WHAT THE TASK REQUIRES:
What are the lines, word for word, from the line with "Mummy squirrel and" up to and including the line with "An Orange Sports" in the records below? Omit the pictures.

INPUT MATERIAL:
──────

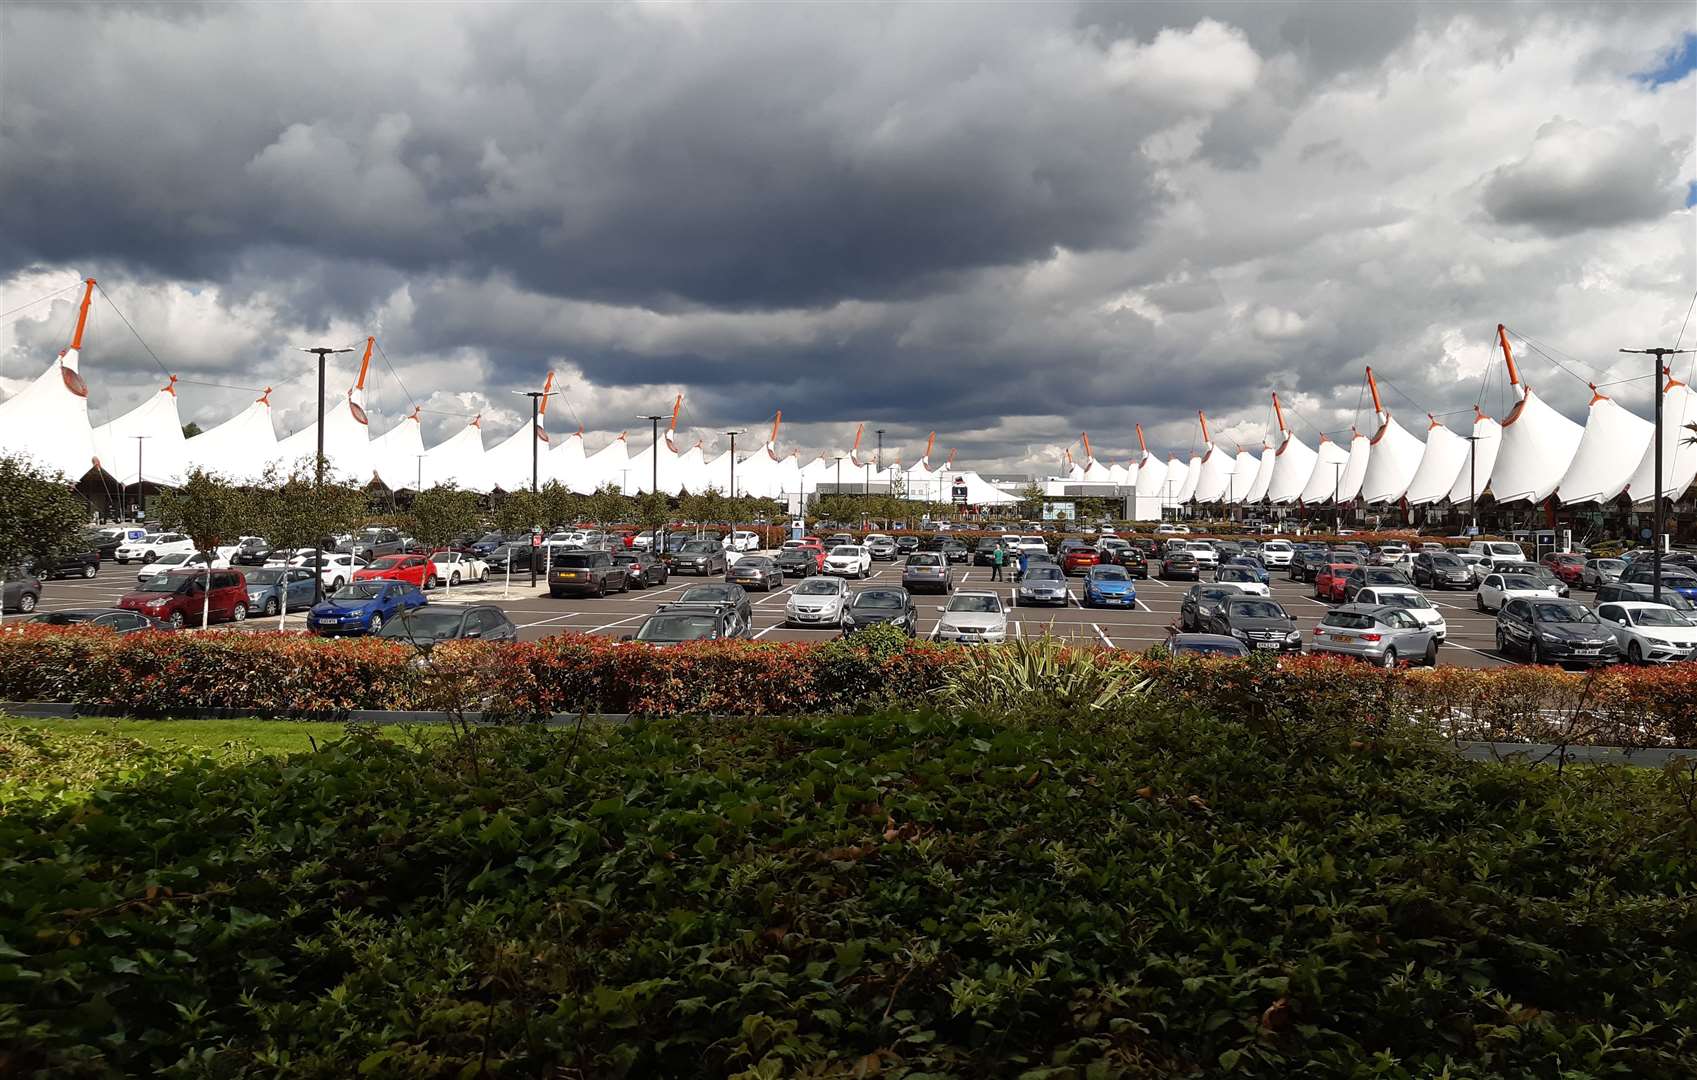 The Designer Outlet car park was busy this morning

──────

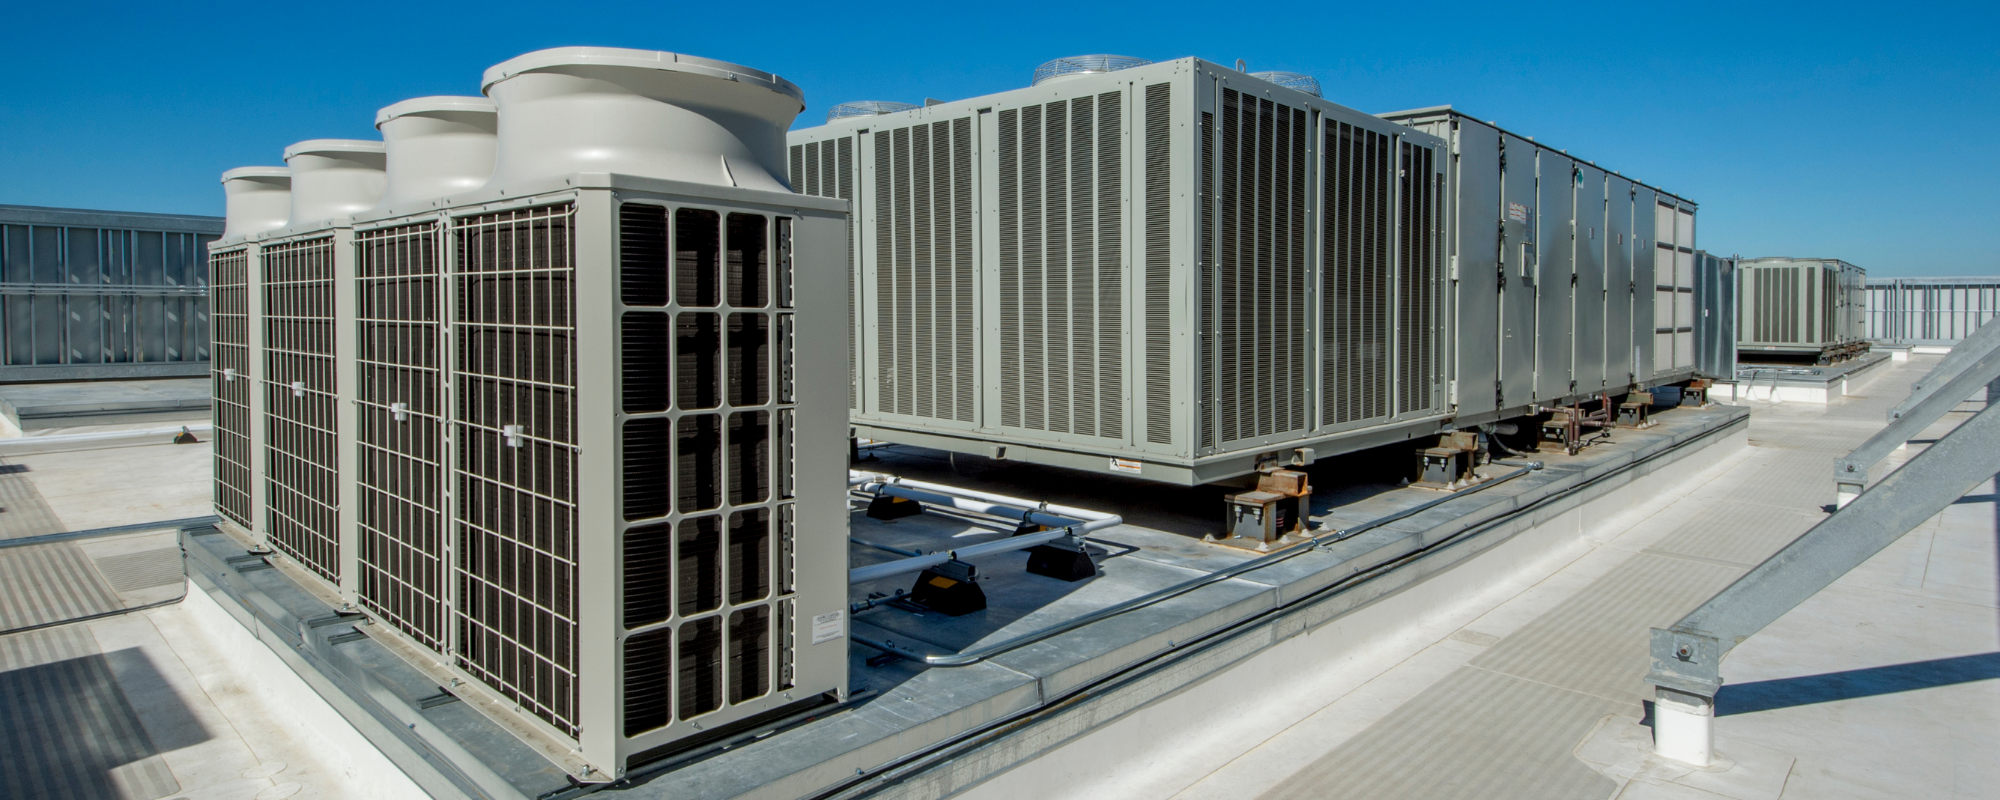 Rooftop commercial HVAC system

──────

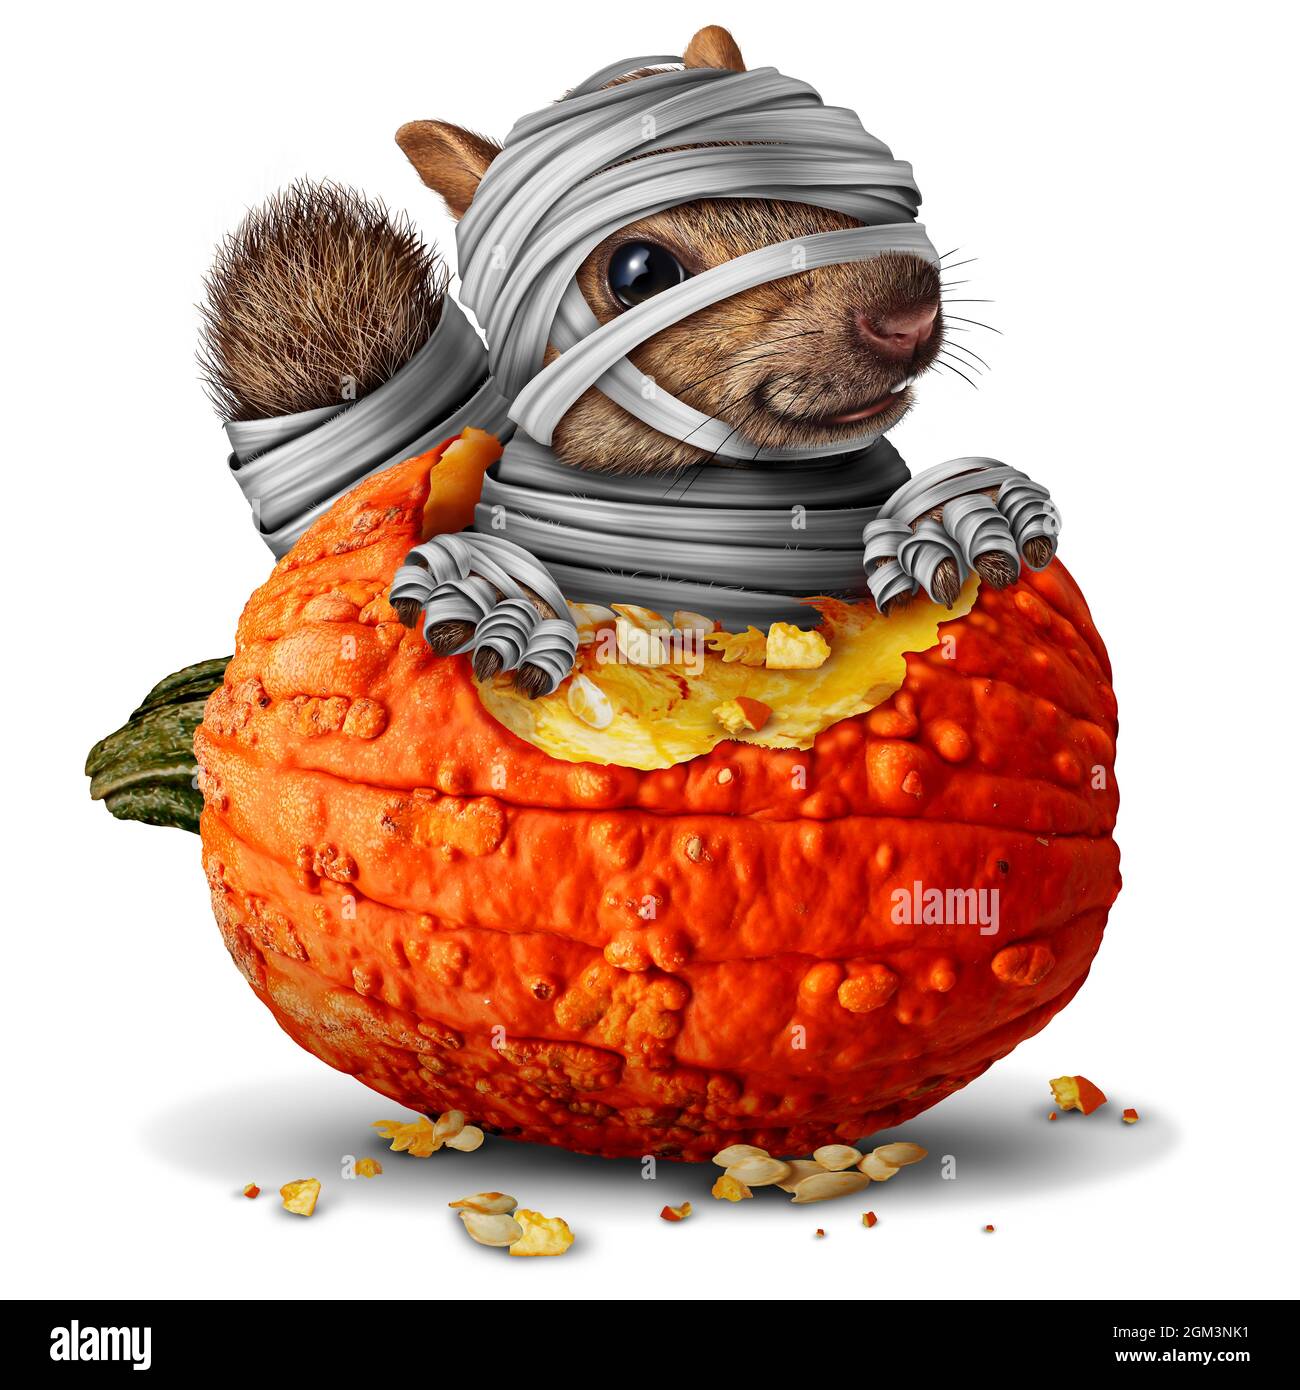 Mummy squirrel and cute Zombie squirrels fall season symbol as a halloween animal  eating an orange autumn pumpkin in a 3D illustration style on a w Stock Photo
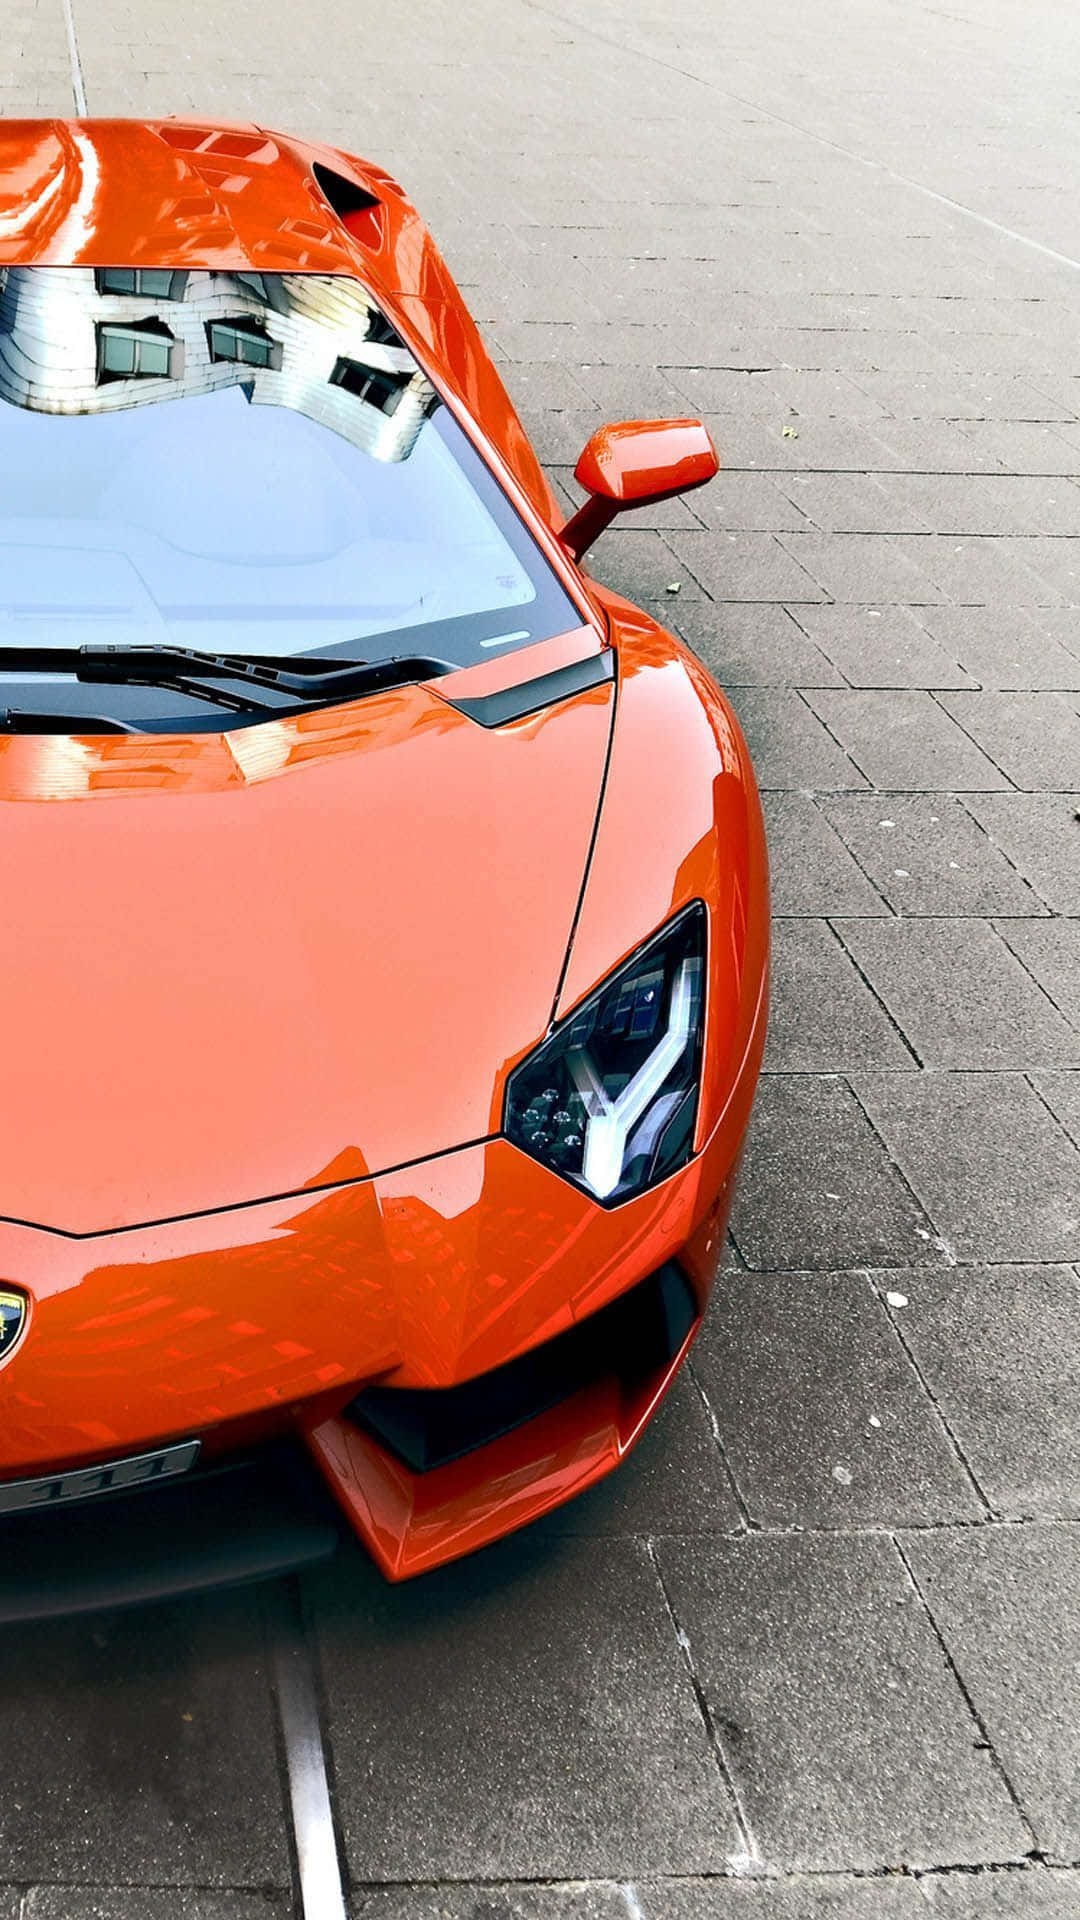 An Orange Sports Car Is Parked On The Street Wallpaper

──────

SOLVED EXERCISE:
 Mummy squirrel and cute Zombie squirrels fall season symbol as a halloween animal  eating an orange autumn pumpkin in a 3D illustration style on a w Stock Photo
 An Orange Sports Car Is Parked On The Street Wallpaper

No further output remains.